[Assignment] Could you write out, exactly, every line from the top of the data through the line holding "Krysten Ritter as"? Omit the pictures.

[Dataset content]
____________

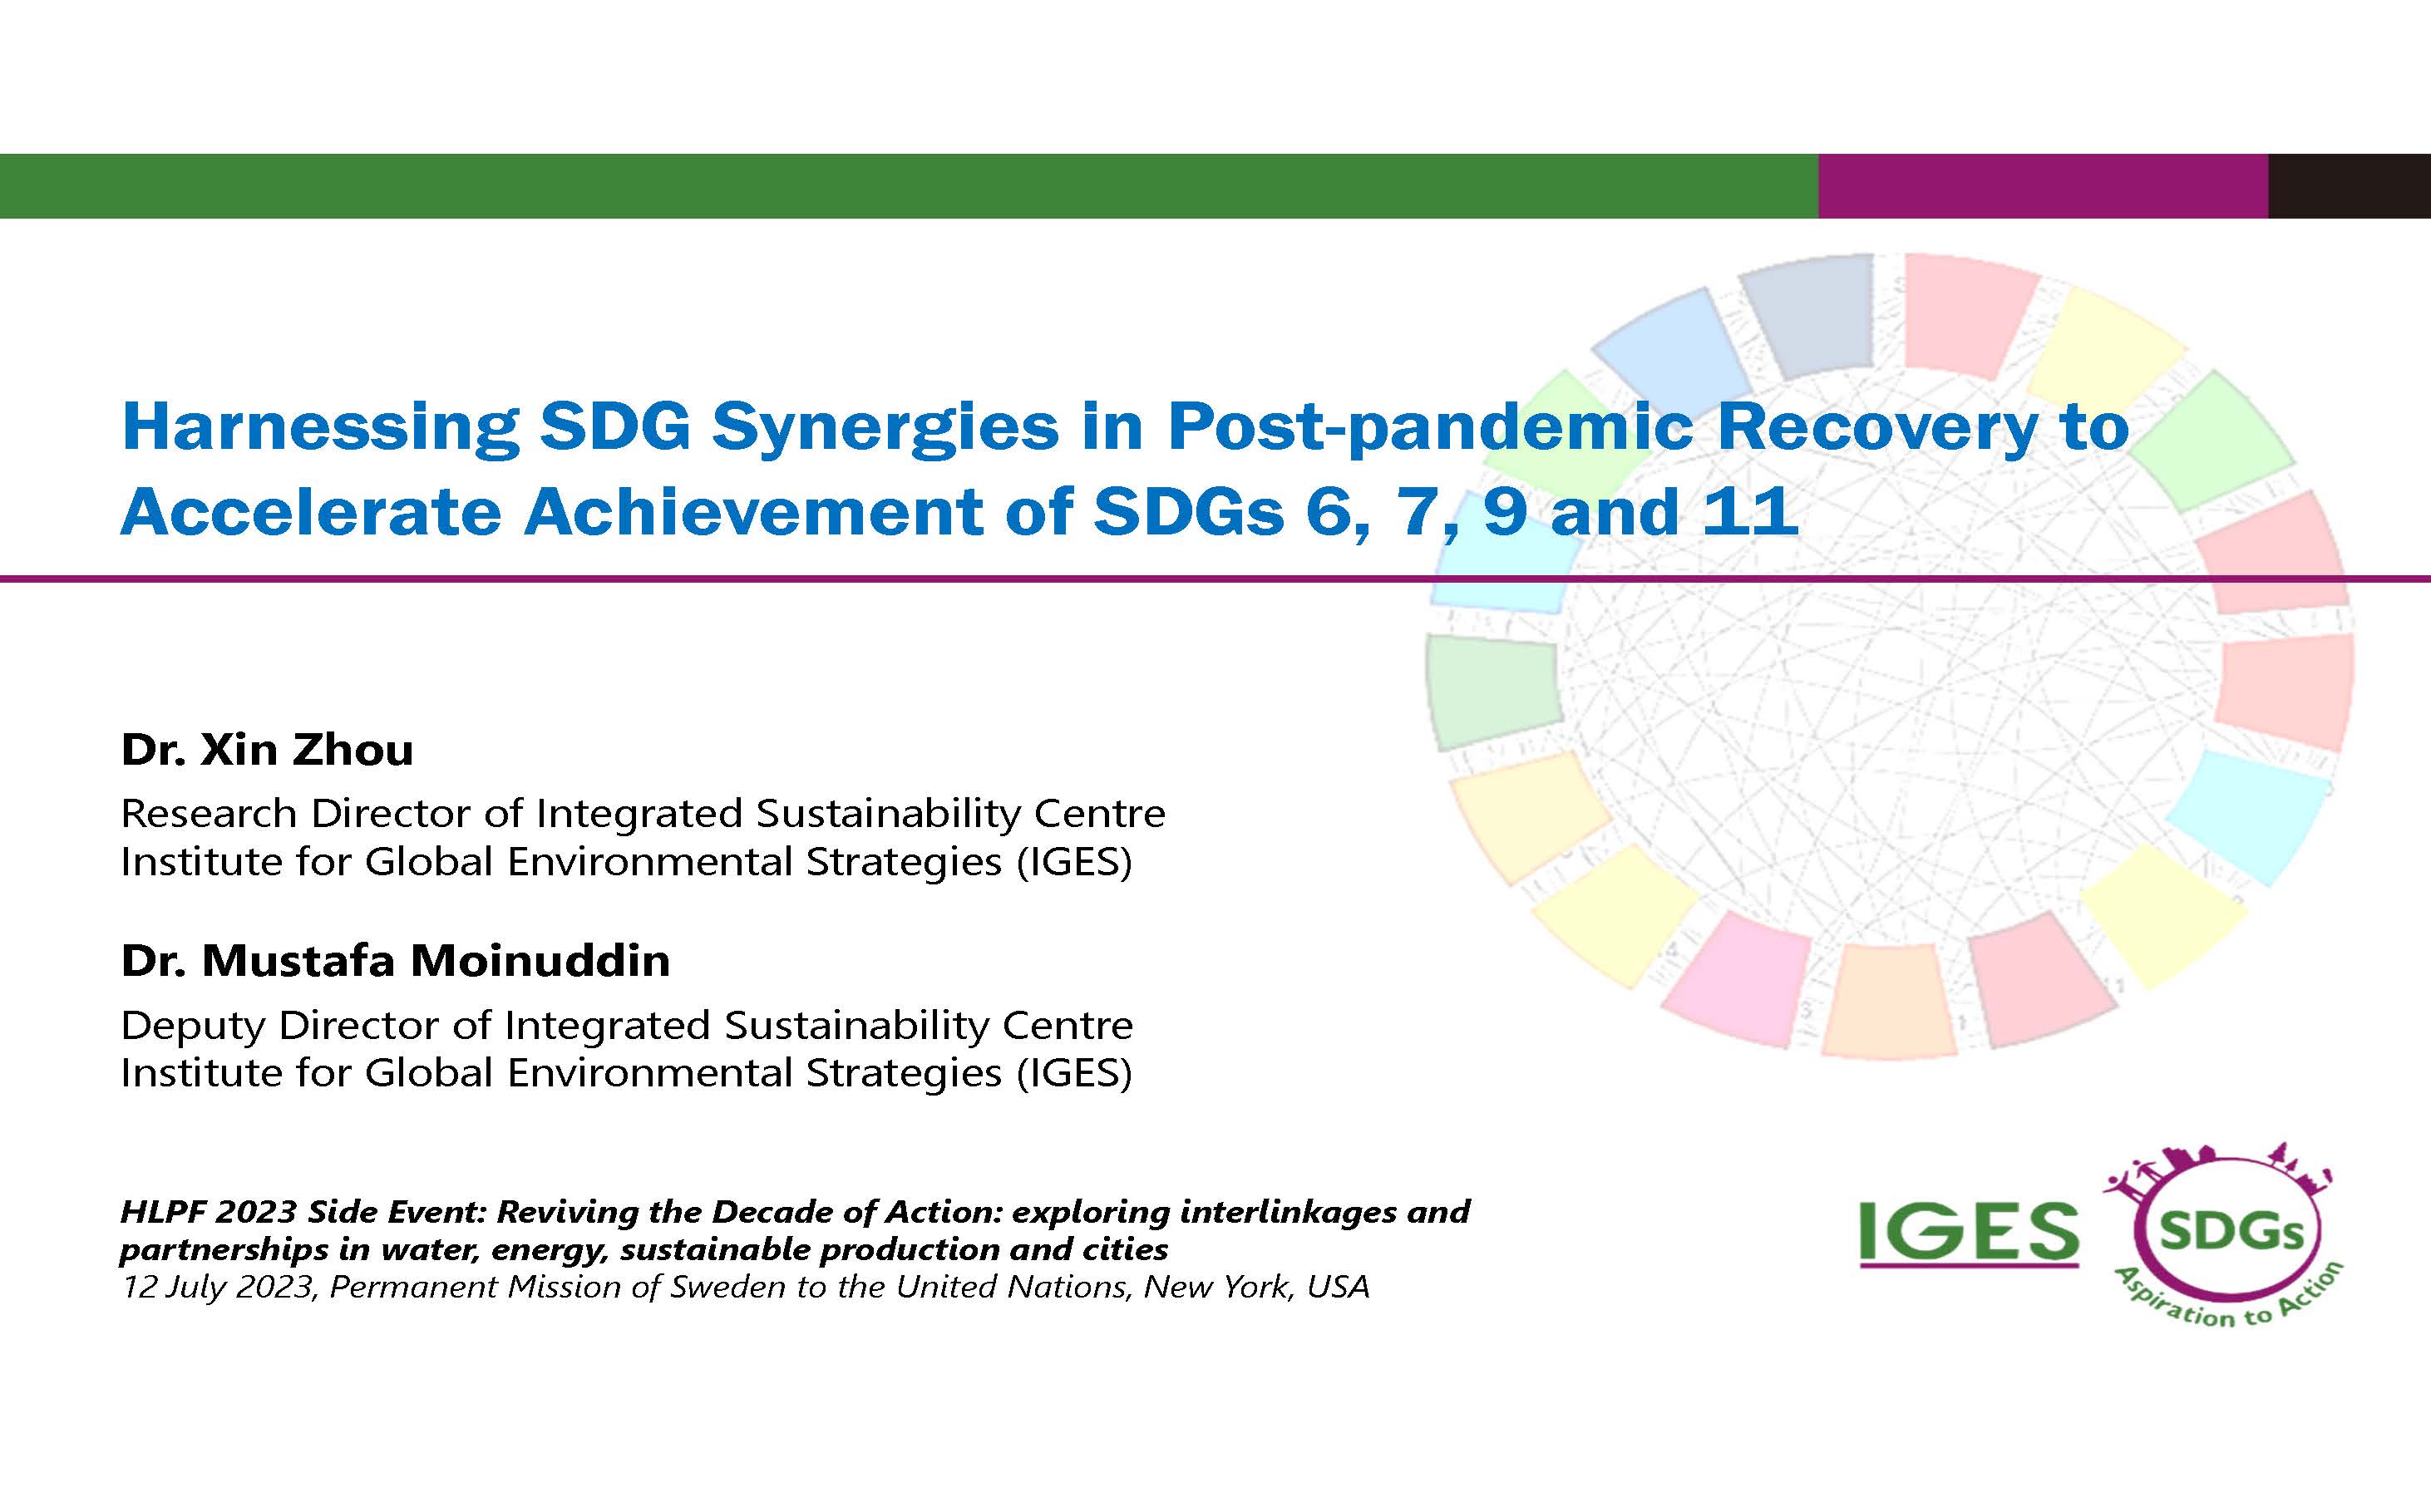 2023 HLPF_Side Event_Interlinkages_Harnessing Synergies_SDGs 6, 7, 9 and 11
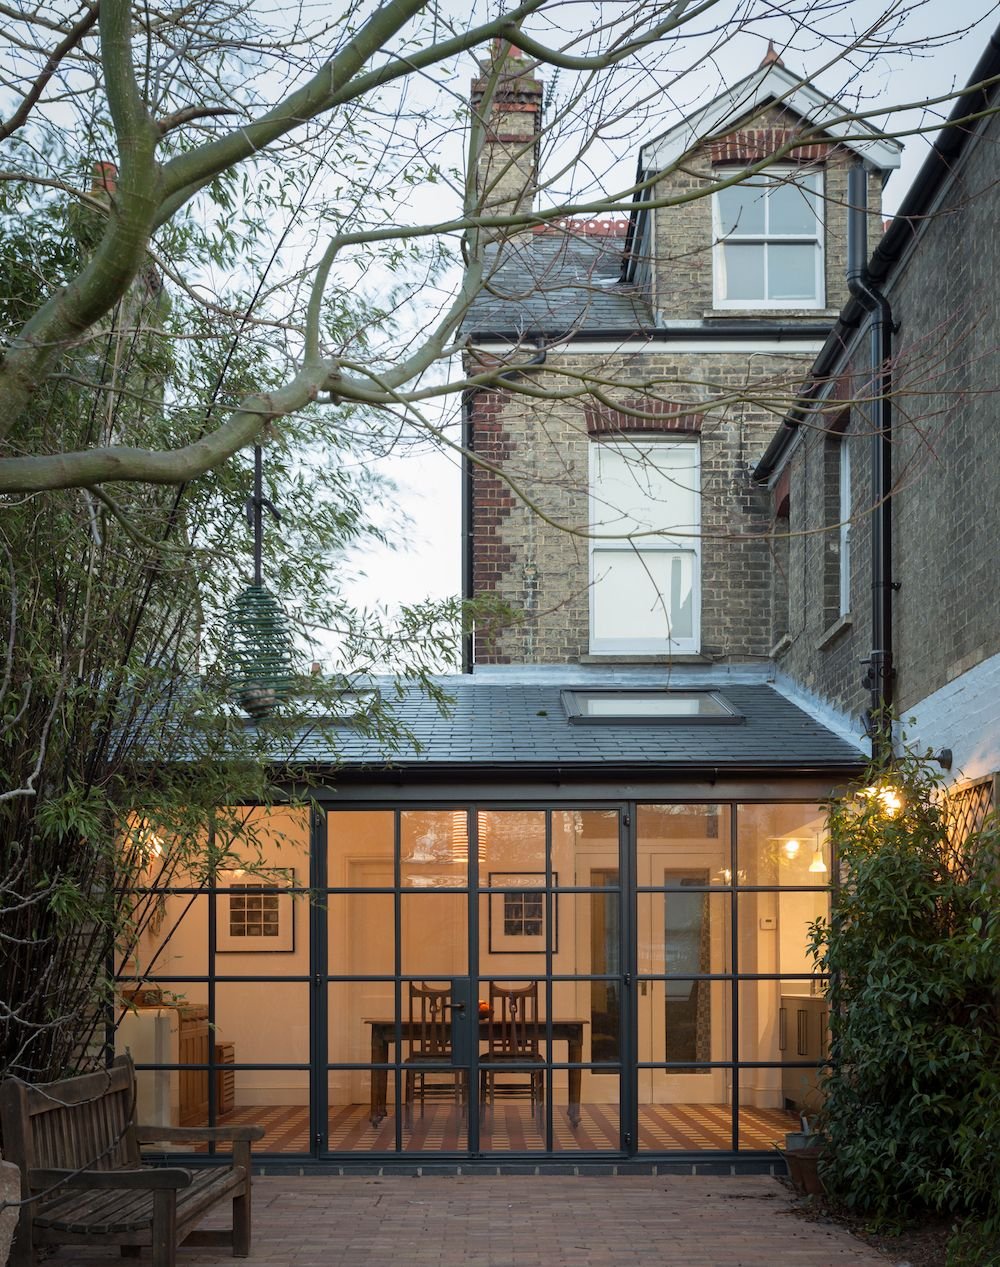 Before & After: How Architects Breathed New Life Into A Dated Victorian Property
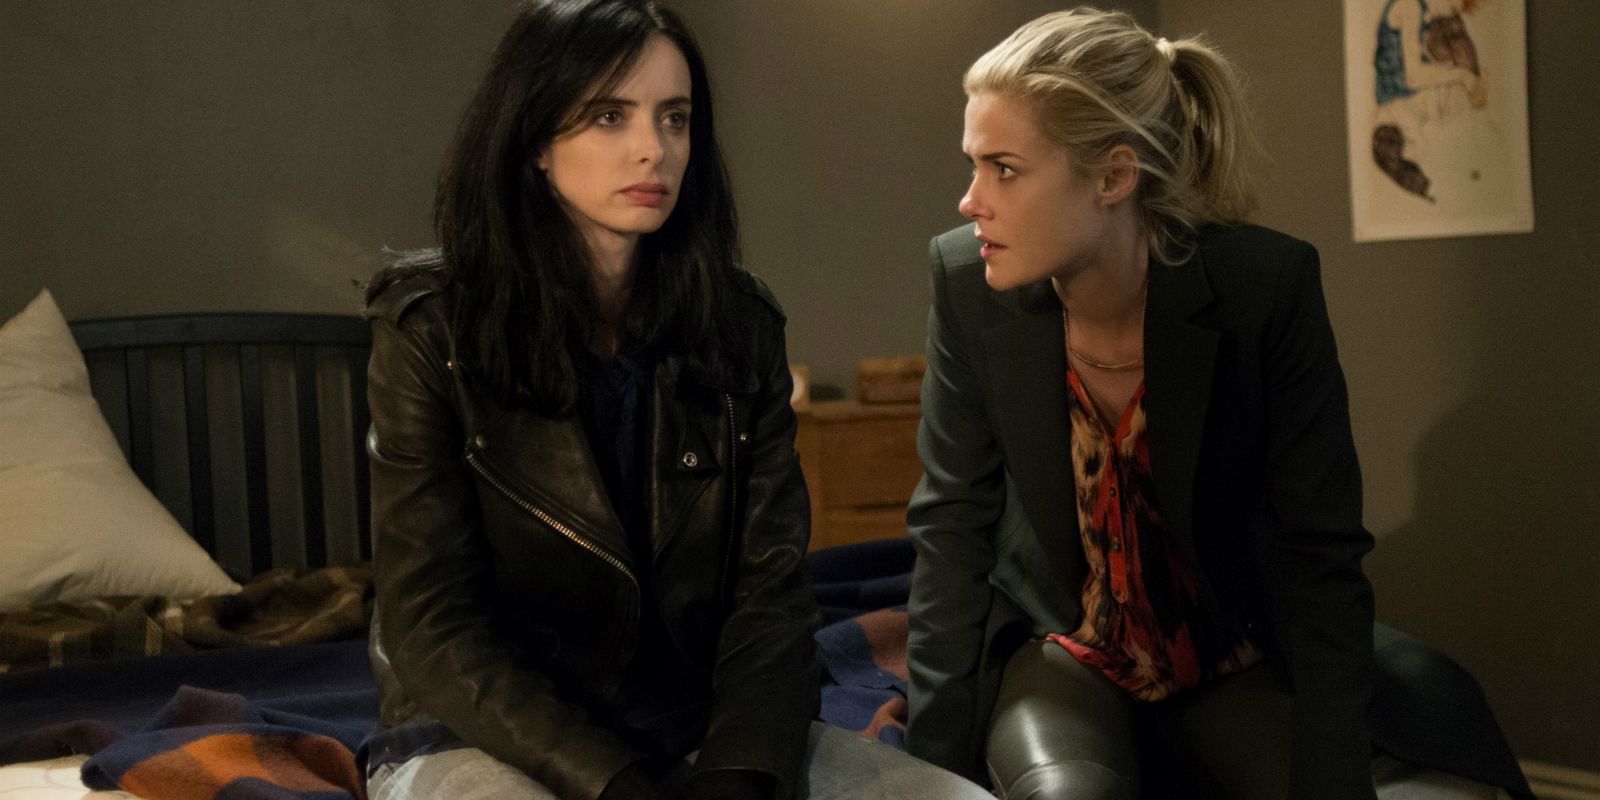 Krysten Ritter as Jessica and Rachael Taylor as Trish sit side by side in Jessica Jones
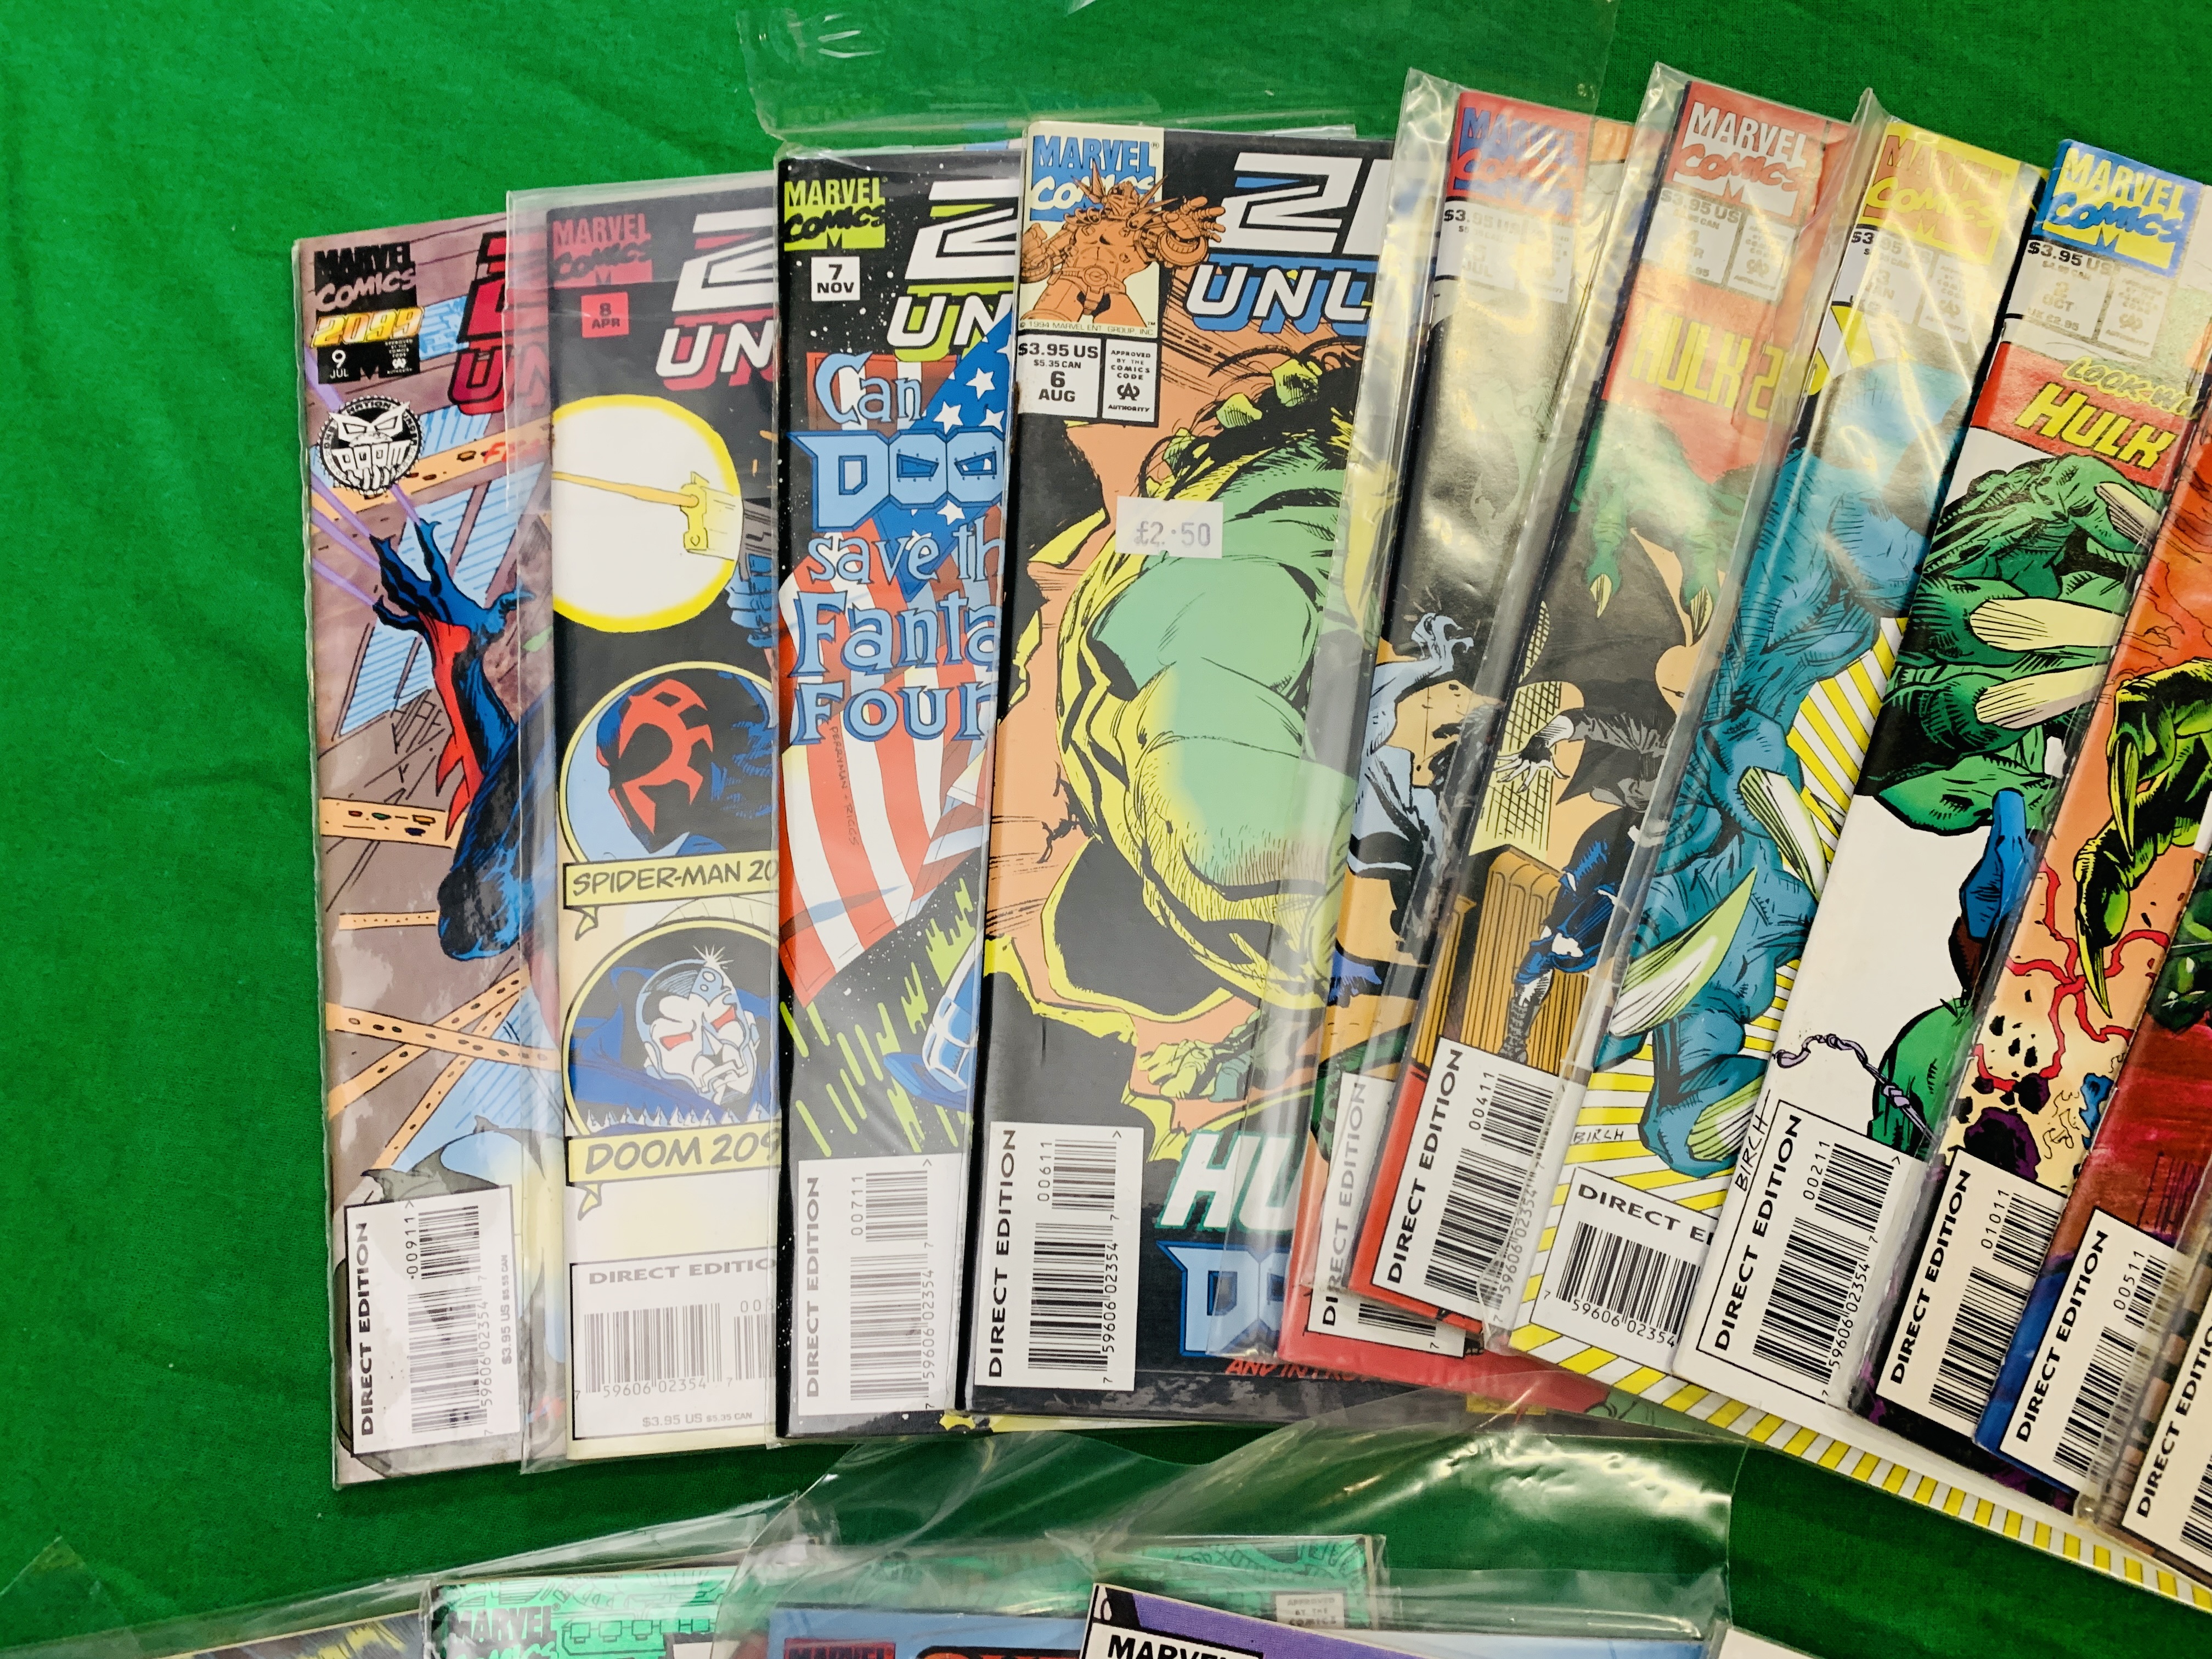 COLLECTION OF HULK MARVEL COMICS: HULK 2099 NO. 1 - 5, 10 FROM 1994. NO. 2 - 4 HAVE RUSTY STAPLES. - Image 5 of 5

____________

[Your response]
 2023 HLPF_Side Event_Interlinkages_Harnessing Synergies_SDGs 6, 7, 9 and 11
 Before & After: How Architects Breathed New Life Into A Dated Victorian Property
 Krysten Ritter as Jessica and Rachael Taylor as Trish sit side by side in Jessica Jones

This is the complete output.